How are OR statements evaluated in distanceTo? (python)


#1

Hi everyone

Let’s say I’ve defined points A, B, C , and D. What I want to do is tell my hero to move to point A if the distanceTo(A) is less than the other three points. Here’s the code I wrote

        if self.distanceTo(A) < self.distanceTo((B or C or D)):
            self.move(A)

Now there are two ways I could see this being evaluated: the first is that it checks to see if distanceTo(A) is less than ANY of the other three, the second is if distanceTo(A) is less than all of the three.

After playtesting this a bit, my suspicion is that the prior is true, while my goal is the latter. I thought of using AND, but wouldn’t it then add the distanceTo B, C, D? Then the result would always be that the distanceTo(A) is always less, even if, say, I was right next to B.
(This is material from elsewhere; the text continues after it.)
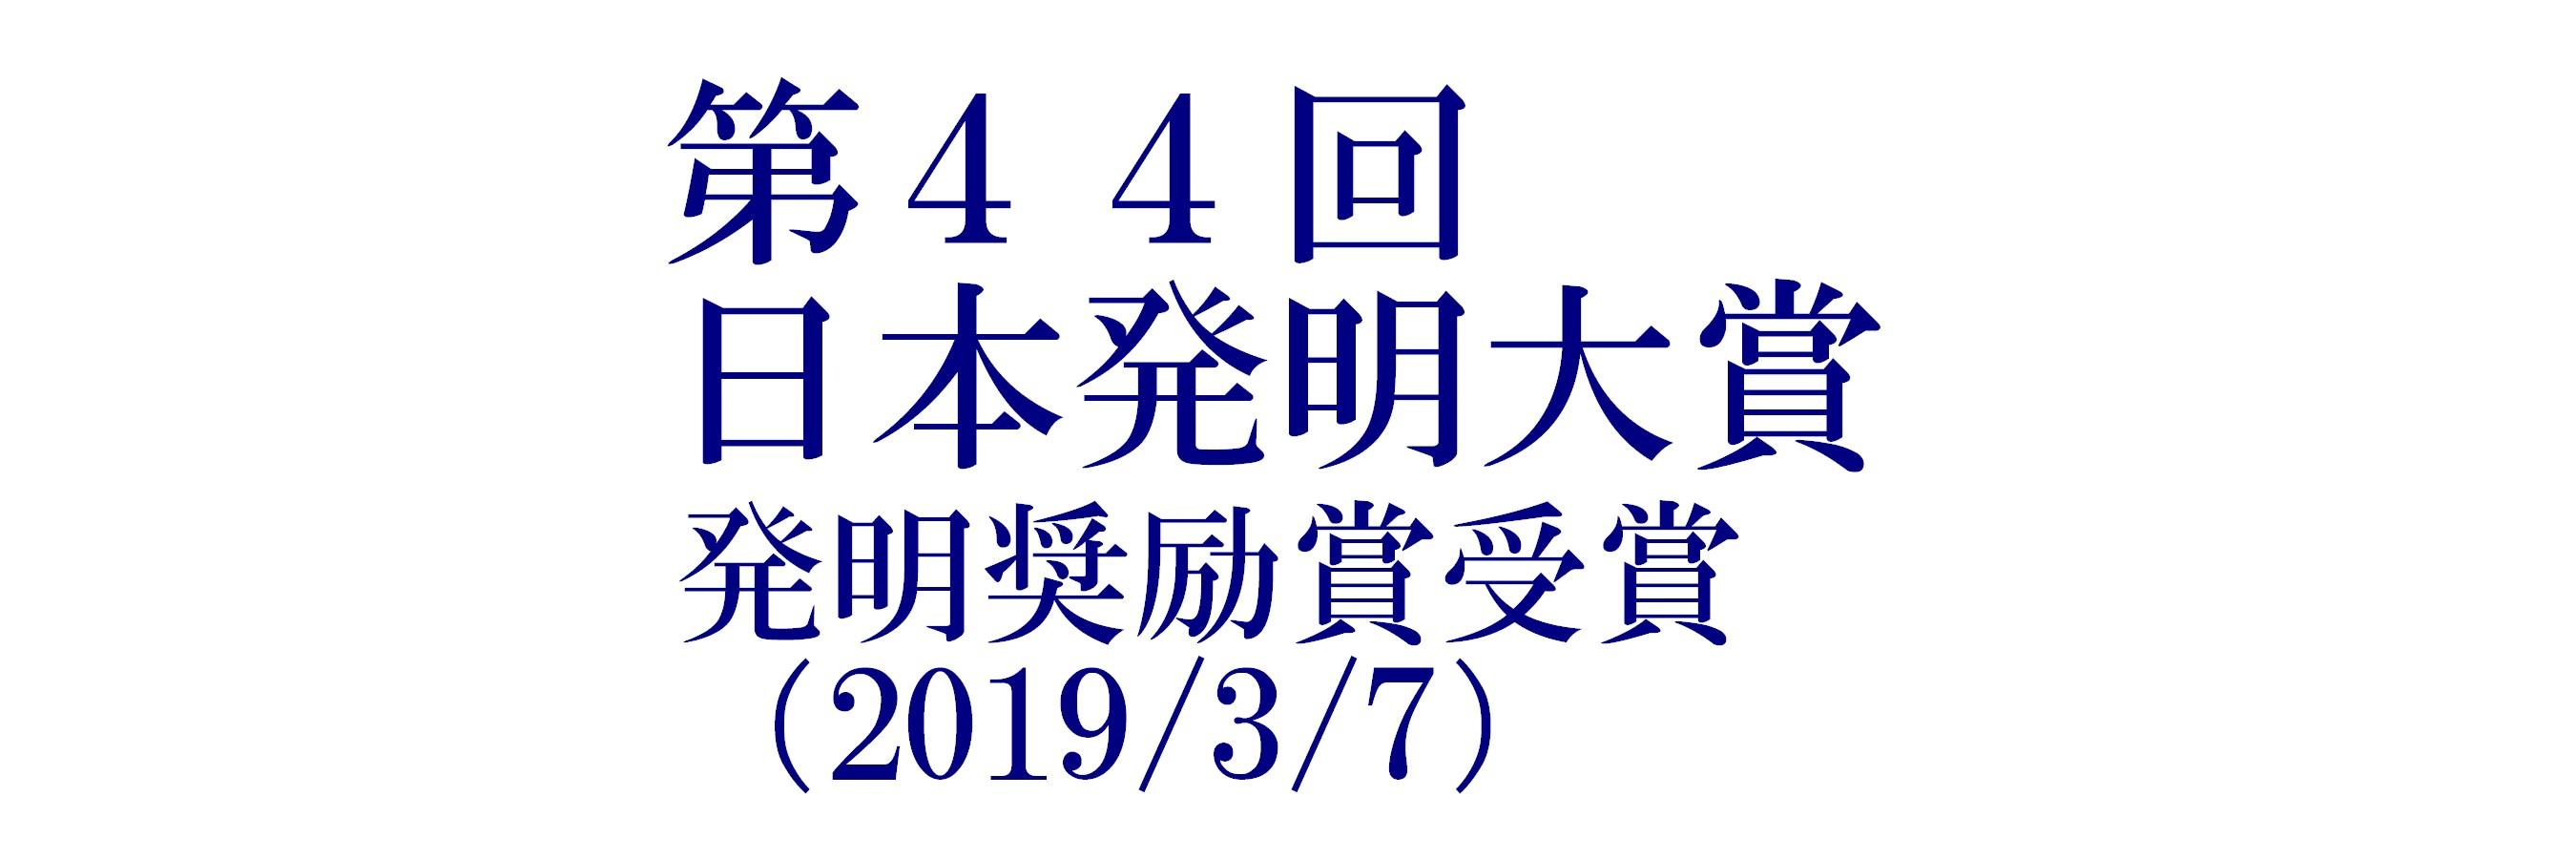 第44回 日本発明大賞 発明奨励賞(2019.3)受賞

FYI, I have a background in formal logic, so I’m very familiar with the logic behind OR and AND statements, but I have no real background in programming.

Thanks!


#2

The expression:

self.distanceTo((B or C or D))

Is evaluated as:

intermediateValue = (B or C or D)
self.distanceTo(intermediateValue)

That is, (B or C or D) will evaluate to B (as all these objects are truthy).
Then the distanceTo method will be called passing only one point object.
That is, this code:

if self.distanceTo(A) < self.distanceTo((B or C or D)):

Is equivalent to:

if self.distanceTo(A) < self.distanceTo(B):

What you want is:

distanceToA = self.distanceTo(A)
if distanceToA < self.distanceTo(B) and distanceToA < self.distanceTo(C) and distanceToA < self.distanceTo(D):
    self.move(A)

You can reduce the repetition using the built-in all function and a list comprehension to map the [B, C, D] points to a list of booleans representing whether A is closer to self than them:

distanceToA = self.distanceTo(A)
if all([distanceToA < self.distanceTo(point) for point in [B, C, D]]):
    this.move(A)